Именно в ожидании – или поиске – благоприятных обстоятельств, которые позволили бы ему написать книгу, Жубер обнаружил тот чудесный мир, по которому можно бесконечно блуждать, не сочиняя никаких книг. Он, по сути, врос в это ожидание, пустил в нем корни. По словам Бланшо,[56] именно то, чего искал Жубер, – источник литературного творчества, пространство, в котором можно писать, свет, который сфокусирован в этом пространстве, – все это потребовало от него нужного состояния духа, укрепило такое состояние, сделавшее его не способньш на заурядный литературный труд, иначе говоря, вообще отвратило от занятий литературой.

Жубера можно назвать одним из первых в ряду по-настоящему современных писателей: он отдавал предпочтение центру круга, а не всей его площади, пожертвовал результатом ради самого процесса поиска условий для его достижения, он не писал, чтобы добавить очередную книгу к предыдущей, нет, ему хотелось попасть в точку, откуда, как он полагал, брали начало абсолютно все книги, – ведь если очутиться в этой точке, отпадет и надобность их писать.

Вот ведь что любопытно: Жубер не написал ни одной книги, хотя с юных лет его привлекало и волновало только то, что пишется, вернее – сам процесс писания. С юных лет его больше всего привлекал мир книг, которые еще только будут написаны. В молодости он был близок с Дидро, чуть позднее – с Ретифом де ла Бретонном. Оба оказались плодовитыми авторами. В зрелые годы он дружил со многими знаменитыми писателями и жил, с головой окунувшись в мир литературы; друзья, зная цену его огромному таланту, настойчиво советовали ему поскорее нарушить молчание.

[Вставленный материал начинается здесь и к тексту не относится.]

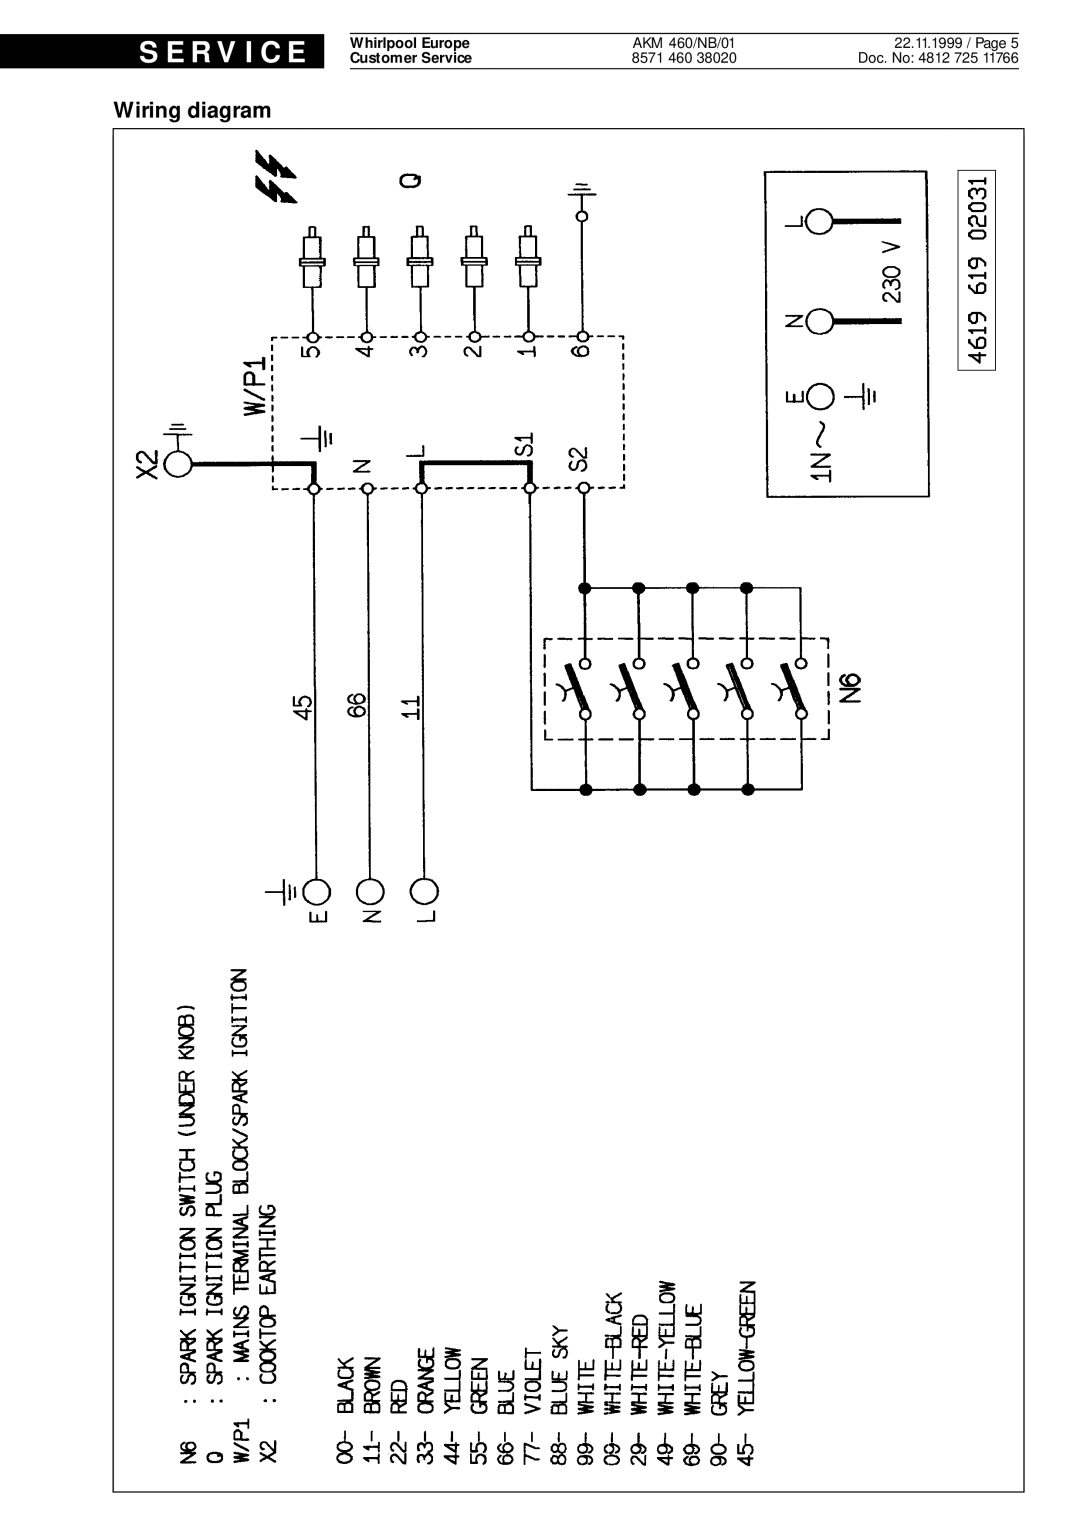 Whirlpool AKM 460 NB 1 service manual Wiring diagram, S E R V I C E, Whirlpool Europe, Customer Service, Doc. No

Рассказывают, будто Шатобриан, имевший на Жубера большое влияние, однажды подошел к нему и, чуть перефразировав Шекспира, сказал:

– Изволь потребовать от плодовитого писателя, который таится в тебе, чтобы он отрешился от снедающих его сомнений и предрассудков. Ты сделаешь это?

К той поре Жубер уже блуждал в поисках источника, из которого рождаются все на свете книги, и уже пришел к убеждению, что, найди он сей источник, это раз и навсегда избавит его от необходимости писать книгу самому.

– Нет, пока я не готов это сделать, – ответил он Шатобриану, – пока я еще не отыскал вожделенный источник Да только дело в том, что, отыскав его, я обрету куда больше оснований, чтобы и вовсе не браться за произведение, которого ты от меня требуешь.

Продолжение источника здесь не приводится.